Di sebuah FDG pendidik, saya memancing tentang perlunya sekolah untuk menerima anak-anak berkebutuhan khusus. Kalau bahasa kerennya adalah sekolah inklusif. Sekolah yang menempatkan pendidikan anak-anak berkebutuhan khusus satu ruangan dengan anak-anak lainnya. Meski kadang anak-anak tersebut dipisahkan kelas karena beberapa hal, misal ketika tantrum, stimulasi atau ketika terapi. Tapi ketika kegiatan-kegiatan lain mereka bisa bersama dengan temannya.

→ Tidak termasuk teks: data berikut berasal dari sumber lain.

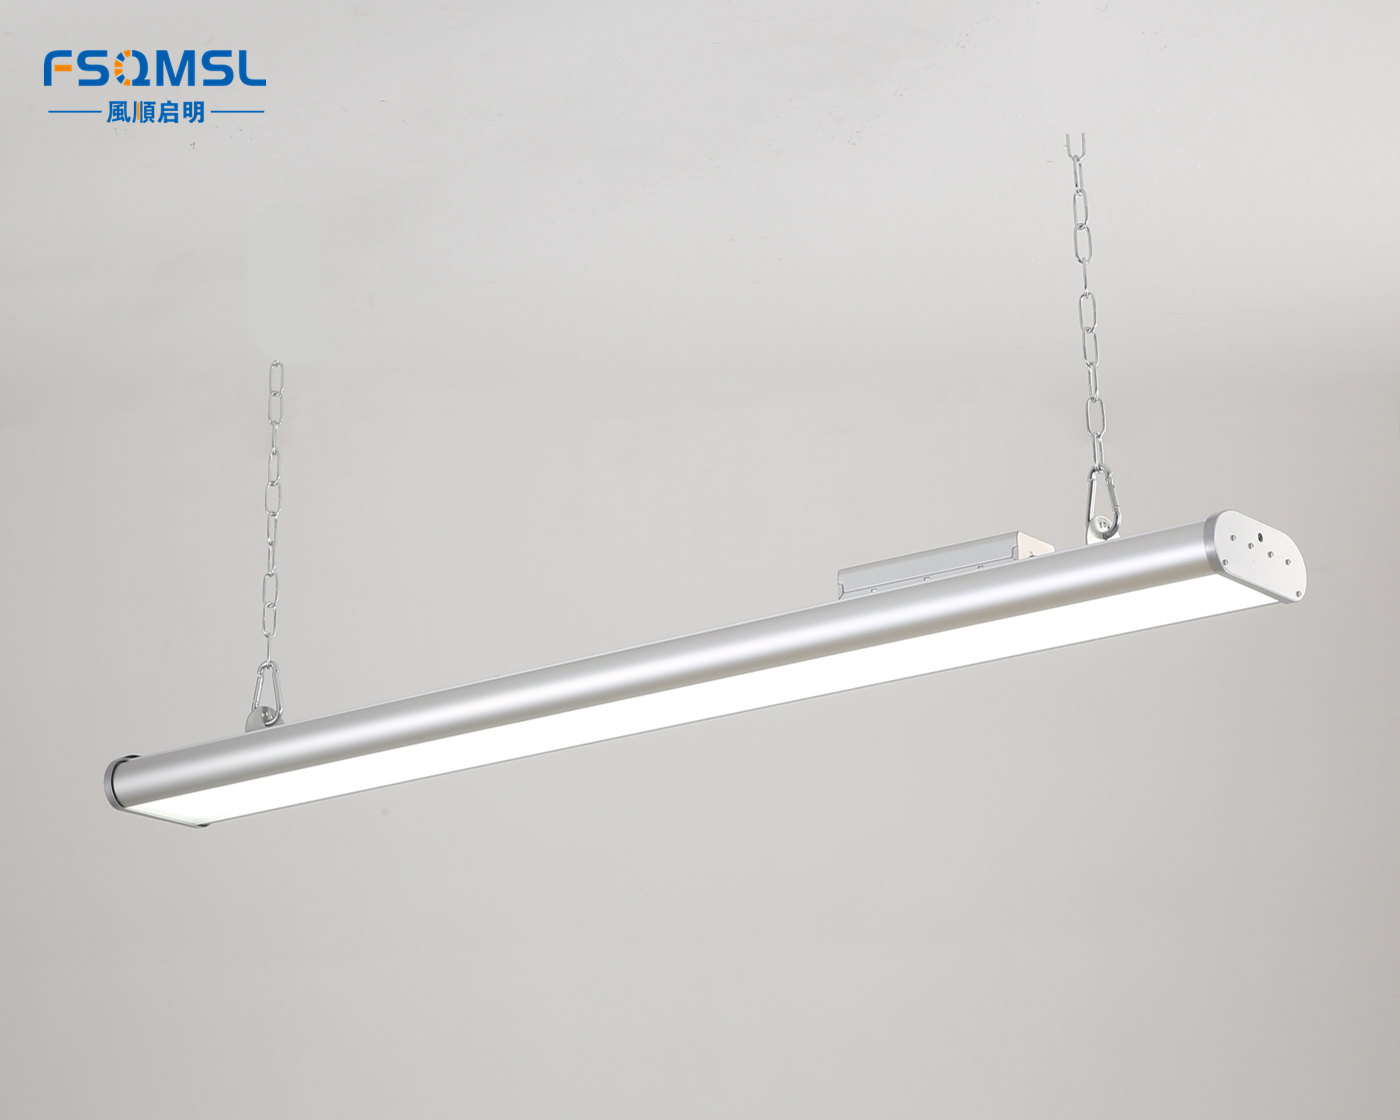 條形LED羽毛球館燈 FS-TP0828 (100-240w)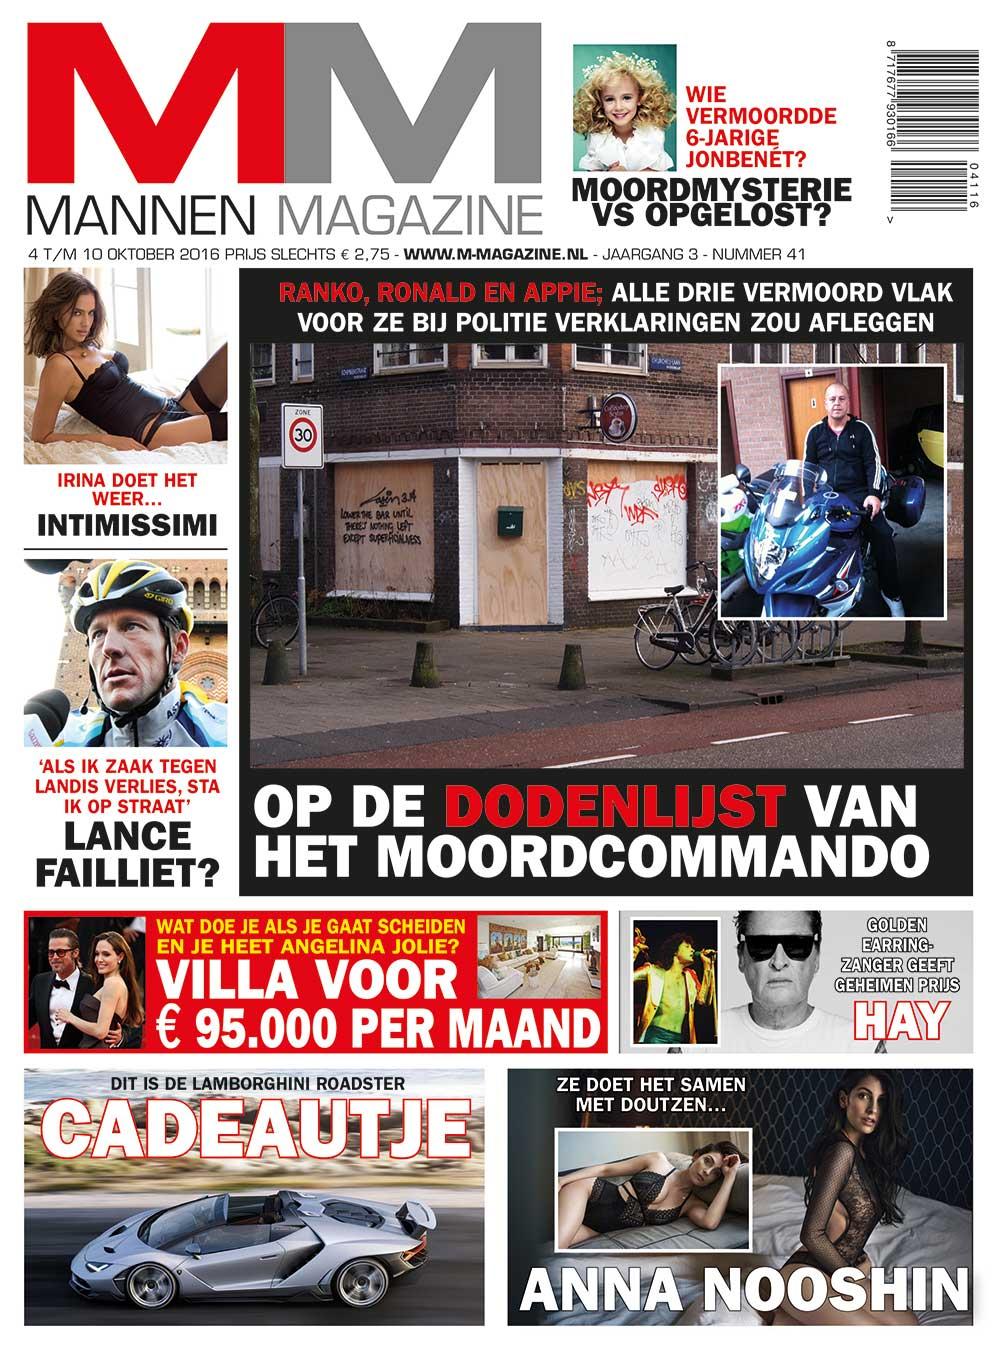 Mannen Magazine

Kebutuhan khusus sering dipahami oleh masyarakat atau bahkan para pendidik, hanya pada anak autis, downsyndrome atau hyperaktif. Padahal banyak sekali hal yang bisa dikatakan sebagai anak-anak berkebutuhan khusus. Slowlerner, borderline, superior (iq di atas rata-rata), lambat bicara, ADD. Sedangkan kebutuhan khusus yang berkaitan dengan fisik seperti tuna netra, tuna rungu danwicara, tuna daksa.
Menerima anak-anak berkebutuhan khusus ini sebenarnya adalah perintah agama. Jika kita menganggap bahwa membuat sekolah adalah sebuah bagian dari dakwah, yaitu dakwah pendidikan, maka sejatinya dakwah adalah tidak memilih siapa yang didakwahi. Tapi, siapa yang datang lebih dahululah yang dilayani, yang sudah mau menerima dakwahlah yang didahulukan. Kita bisa lihat surah abasa, surah yang sangat fenomenal karena rasulullah memalingkan muka ketika Abdullah Ummu Maktum yang buta datang kepada beliau, sedangkan Rasul kala itu sedang mendakwahi para petinggi Quraisy. Ayat ini turun untuk menegur Rasul karena hal tersebut. Ini sebenarnya pesan bahwa dakwah tidaklah memilih-milih, bahkan seorang yang butapun punya HAK untuk mendapatkan dakwah dari Rasul.
Ada beberapa hal lagi yang membuat mengapa kita perlu menerima mereka di sekolah-sekolah kita.
1. Pendidikan adalah hak semua anak
2. Kita tidak tahu siapa saja yang dipilih oleh Allah untuk menjadi orang tua dari anak-anak yang berkebutuhan khusus. Bisa jadi teman dekat kita, saudara kita, guru di sekolah kita atau bahkan kita sendiri yang mendapatkan kesempatan itu.
3. Fakta di lapanngan (menurut hasil penelitian dosen di Unesa), bahwa di sekolah-sekolah yang katanya sekolah model, unggulan dan lain sebagainya, ternyata masih saja ada anak berkebutuhan khusus, rangenya sekitar 6% dari populasi murid di sekolah.
4. Fakta di masyarakat bahwa populasi terdiri dari berbagai macam kondisi. Ketika hal yang ada di masyarakat ini dapat diimplementasikan di sekolah, ini adalah hal yang baik bagi pembelajaran anak-anak, karena mereka melihat apa yang terjadi di sekolah sebenarnya sama dengan apa yang ada di masyarakat.
Terus bagaimana dengan sekolah yang belum siap untuk menerima mereka ? Belum siap bisa beberapa hal. Belum siap karena masih adanya paradigma bahwa adanya mereka akan membuat citra sekolah turun, karena bisa mempengaruhi rata-rata nilai UN sekolah. Belum siap karena memang belum ada pemikiran untuk menerima mereka di sekolah kita, jika belum siap karena yang dua ini maka sampai kapanpun sekolah tidak akan siap. Atau belum siap karena sekolah sedang meyiapkan, baik dari SDM maupun sarana dan prasarananya.
Jika sekolah punya usaha untuk memikirkan dan menyiapkan untuk ikut olimpiade, lomba-lomba, seragam yang bagus, gedung, robotik, panahan, ekskul-ekskul, mengapa sekolah belum juga menyiapkan untuk menerima mereka ? Apakah semua itu jauh lebih penting daripada menerima anak-anak itu dengan hati kita yang terbuka ? Hanya kita yang tahu.